Daba por terminada la conversación, por lo que se giró sobre sus tobillos, dispuesta a salir de aquel lugar que la ponía la carne de gallina por lo oscuro que era en comparación con su amado templo de Citera. Sus cabellos se movían de un lado a otro, rítmicamente como sus caderas. Pandora estaba entre la espalda y la pared. No podía echarse atrás, pues con lo que sabía no estaba en la posición de retroceder. Afrodita acabaría con su vida, pues aunque no supiera mucho, una venganza seguía siendo una venganza. No lo parecería, pero ese tipo de acciones eran penadas en el Olimpo. Si se llevaban a cabo de forma velada, disimulada, no habría problema alguno. Así funcionaba el mundo de los dioses: siempre que nadie, o muy pocos, se enteraran de tus actos sucios y oscuros, allí no pasaba nada. Todo estaría en una aparente paz; una paz "perfecta".
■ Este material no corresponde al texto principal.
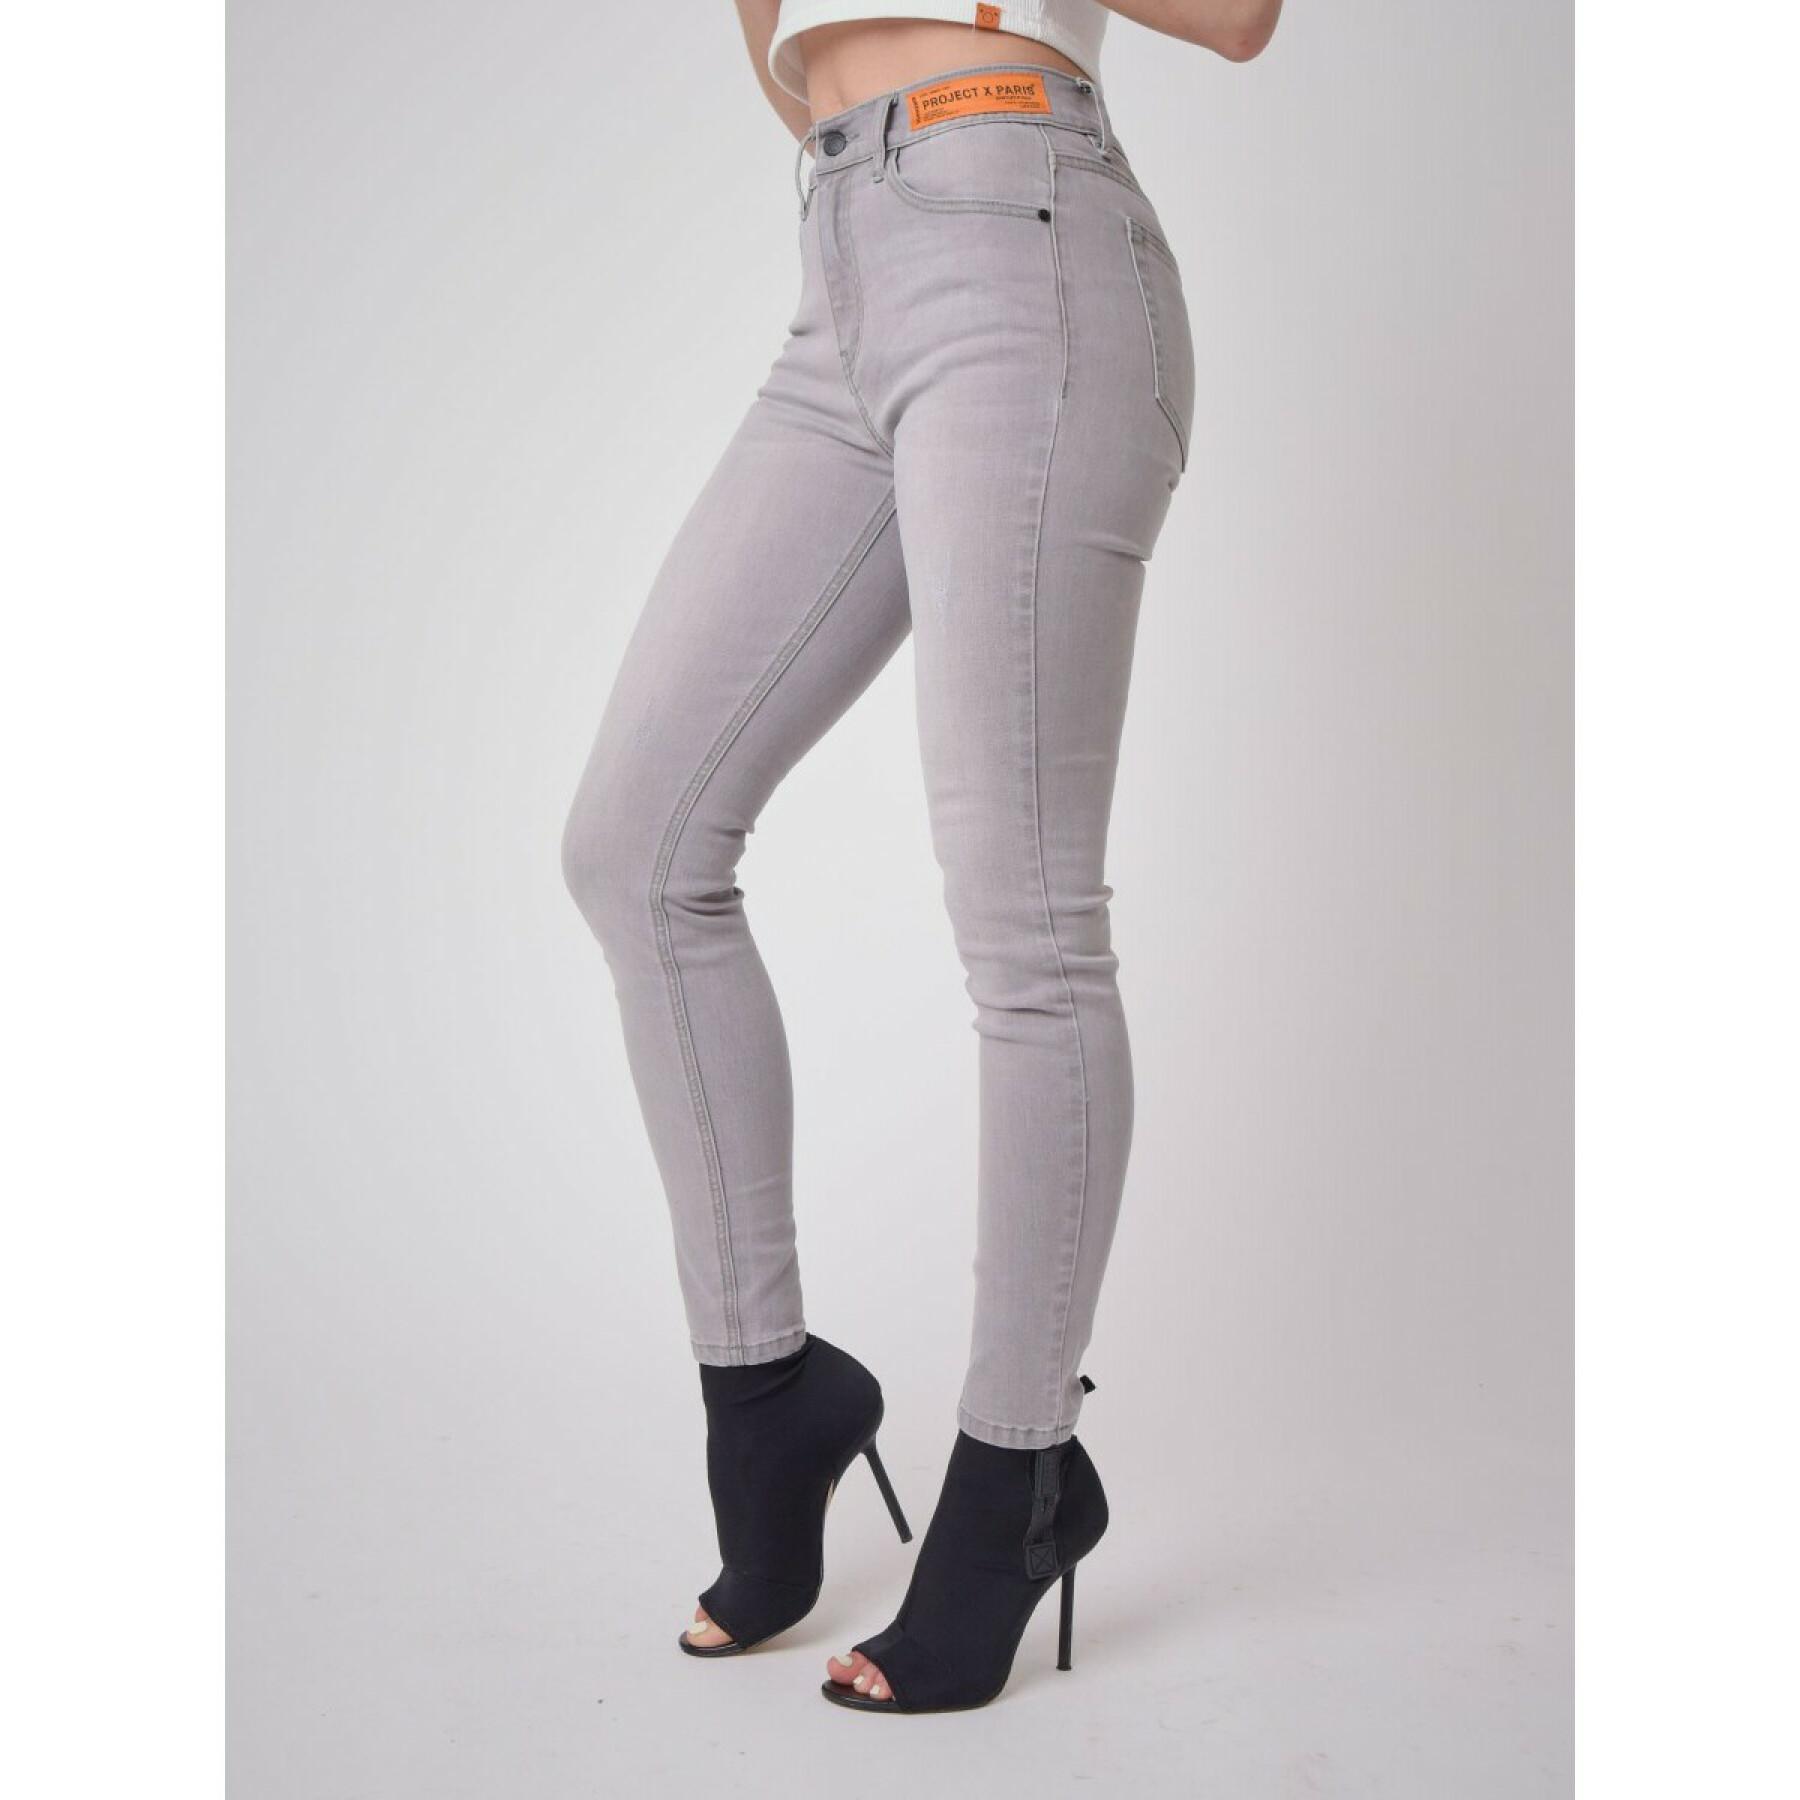 Jeans skinny fit logo étiquette femme Project X Paris

- ¿Qué te ha hecho Perséfone para que te quieras vengar de ella de esa manera?

Afrodita se paró en seco, girando la cara de tal forma que solo se le viera la mitad de la misma.

- Nuestra alianza sirve solo y exclusivamente para conseguir nuestros objetivos. No confraternizamos. Te he pedido que hagas algo, nada más. Y fallar no es una opción para ti. Si no consigues lo que te pido, puedes despedirte de tu posición en el Inframundo. Puedo inventarme cualquier cosa, pues mi palabra es de mayor peso que la tuya. Acuérdate de eso.